Когда юноша ушел, я обратился к Эдуарду:
— Ты сказал, что этот человек твой брат, но, по-моему, он впервые видит тебя, равно, как и твой «племянник».
— Вы говорите правду, граф, — отвечал мастер, — этот человек не мой кровный родственник, и уж тем более, не брат. Но на фронтоне я обнаружил знак цехового братства вольных каменщиков, а потому смело зашел в его дом, как в свой собственный. Мы, каменщики, все братья друг другу, как братьями являются благородные рыцари одного Ордена. Так повелось исстари, когда мы странствовали по дорогам Европы, строя соборы, обороняясь от разбойников и прочих лихих людей, кто завидовал нашей свободе. Если бы мы не были единым братством, где каждый всегда готов защитить любого товарища по цеху, посильно дать ему при нужде еду, кров и деньги, мы бы давно потеряли свою вольность. Но мы храним братские чувства друг к другу и всегда приходим на помощь тем братьям, кому она требуется. Более того, мы всегда даем убежище тем, кто нуждается в защите и платим добром за добро. Должно быть, вам известно, что многие рыцари ордена Храма скрывались во дни гонений в наших ложах, потому что когда мы строили для тамплиеров замки в Святой Земле, братья-рыцари защищали нас от неверных. В их комтуриях всегда находилось место и еда для нас, потому что мы и они — звенья одной цепи. Рыцарь не может жить в земле врагов не имея надежного укрытия, коим является крепость, но и крепость не может стоять одна, если ее не защищают рыцари.
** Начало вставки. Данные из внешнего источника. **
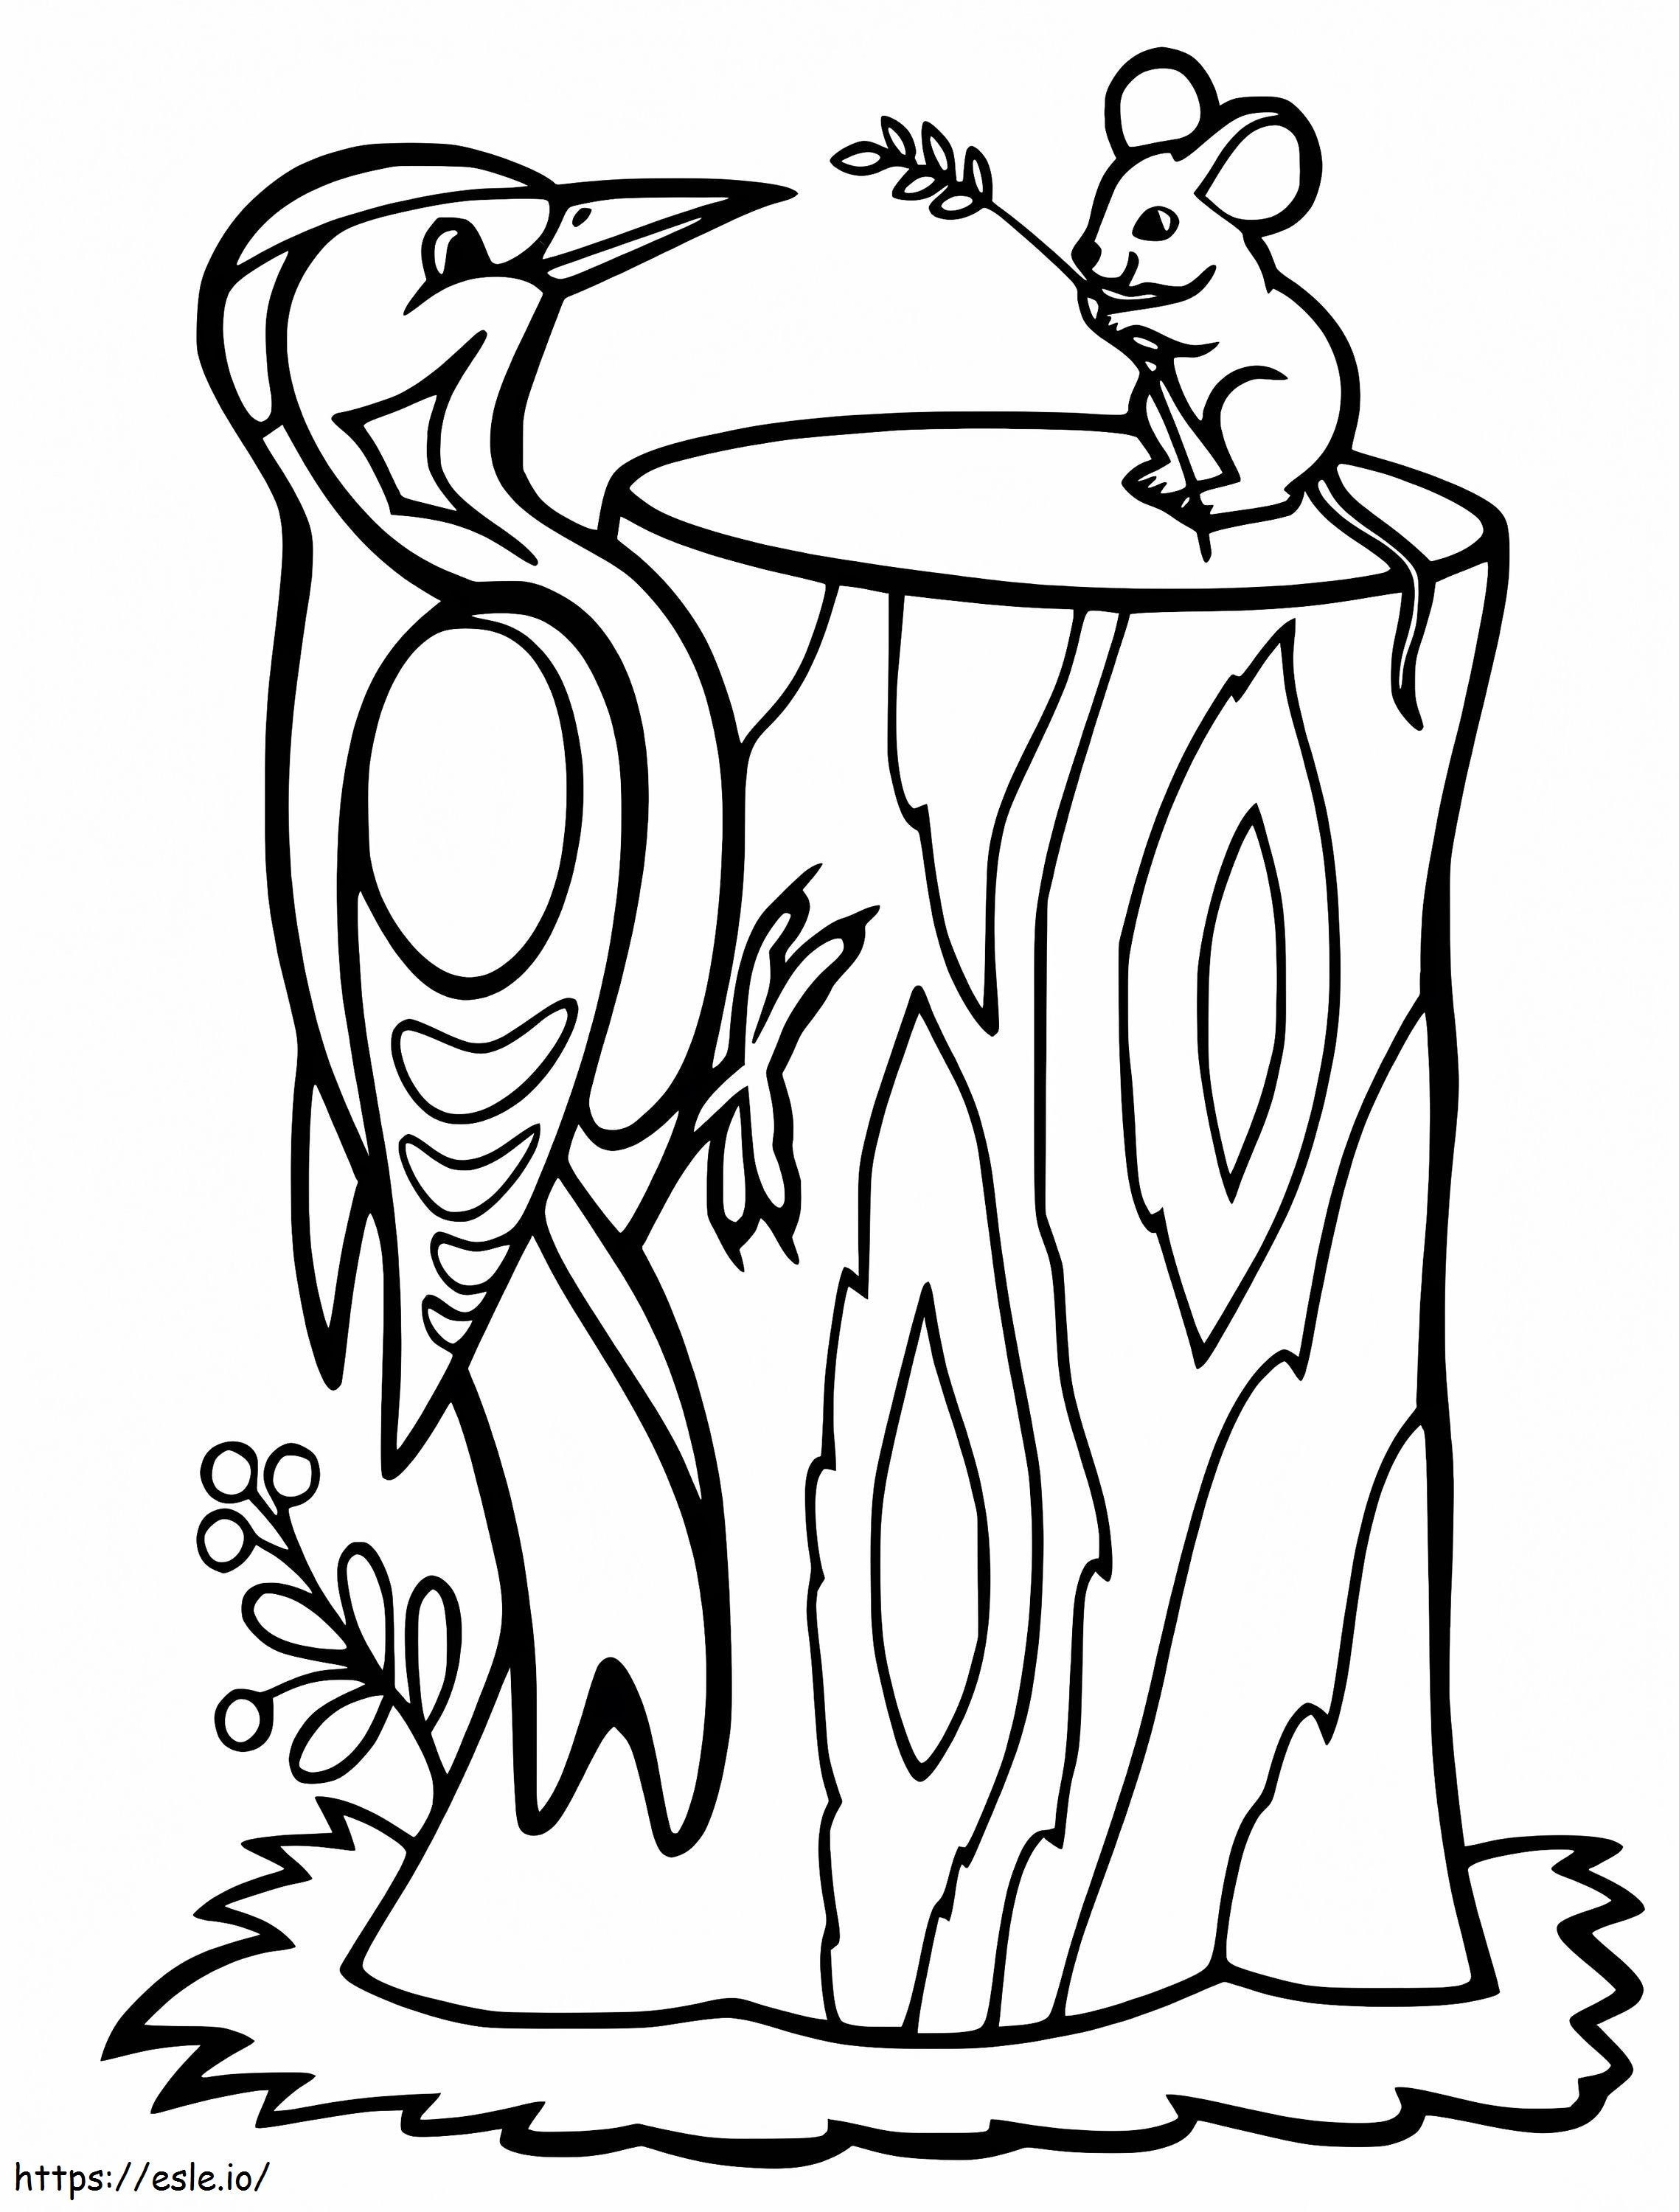 Woodpecker And Mouse coloring page

Тем временем, хозяин открыл бочку, ввинтил в ее жерло медный кран, вкатил бочку на поставец, налил вино в огромный кувшин и самолично наполнил из него наши деревянные кружки.
В самый разгар веселья, хозяин дома и мастер Эдуард, вдруг встали и Эдуард произнес такую речь:
— Настало время помыслить о братьях, рассеянных по лицу земли, находящихся в пути, или трудящихся во славу своего свободного ремесла, пребывающих в нужде, или радости, у смертного одра, или под свадебным венцом. Помыслим же о них, и попросим Господа ниспослать трудящимся — сил, нуждающимся — вспоможение, пребывающим в унынии — радости, умирающим — упокоения, семью создающим — счастливых, долгих лет.
Сказав, он выпил до дна свою кружку, положил в нее золотой и передал хозяину. То же самое сделали и хозяин со своим сыном. Нам ничего не оставалось, как последовать их примеру. Когда кружка вернулась к Эдуарду, он объяснил этот странный обычай:
— Эти деньги собраны для вдов и сирот наших покойных братьев, чтобы они не пребывали в нужде. Завтра мастер Жиль отнесет наши деньги цеховому Дародателю и тот распорядится ими, согласно назначению, распределив в равной мере по семьям каменщиков, потерявшим кормильцев. Услышав это, я высыпал в кружку все оставшееся содержимое своего кошелька, ибо оказанный нам прием был удивительно теплым, а назначение пожертвований в высшей степени благородно.
— Воистину, вы, каменщики — благороднейшие из ремесленников, которых я когда-либо встречал! — воскликнул лучник Шарль, — ваши обычаи подобны обычаям рыцарства, а добродетели сродни тем, что присутствовали у апостолов. За братство вольных каменщиков! — поднял Шарль свою кружку.
— Ура, ура, ура! — воскликнули мы, осушили кружки и крепко постучали кулаками по столу.
Пирушка закончилась тогда, когда городские часы пробили одиннадцать ударов.
— Вам пора идти домой! — сказал хозяин, — в полночь будут ходить сторожа с колотушками, и если у кого в окне будет гореть свет, на того наложат штраф. Мне то штраф не страшен — у меня крепкие ставни, ни лучика света не пропустят, да вам надо поторопиться. А то отведут к начальнику городской стражи и все. Там не спросят, кто из вас граф, а кто мастер. Продержат до утра, потому что такой в нашем городе закон.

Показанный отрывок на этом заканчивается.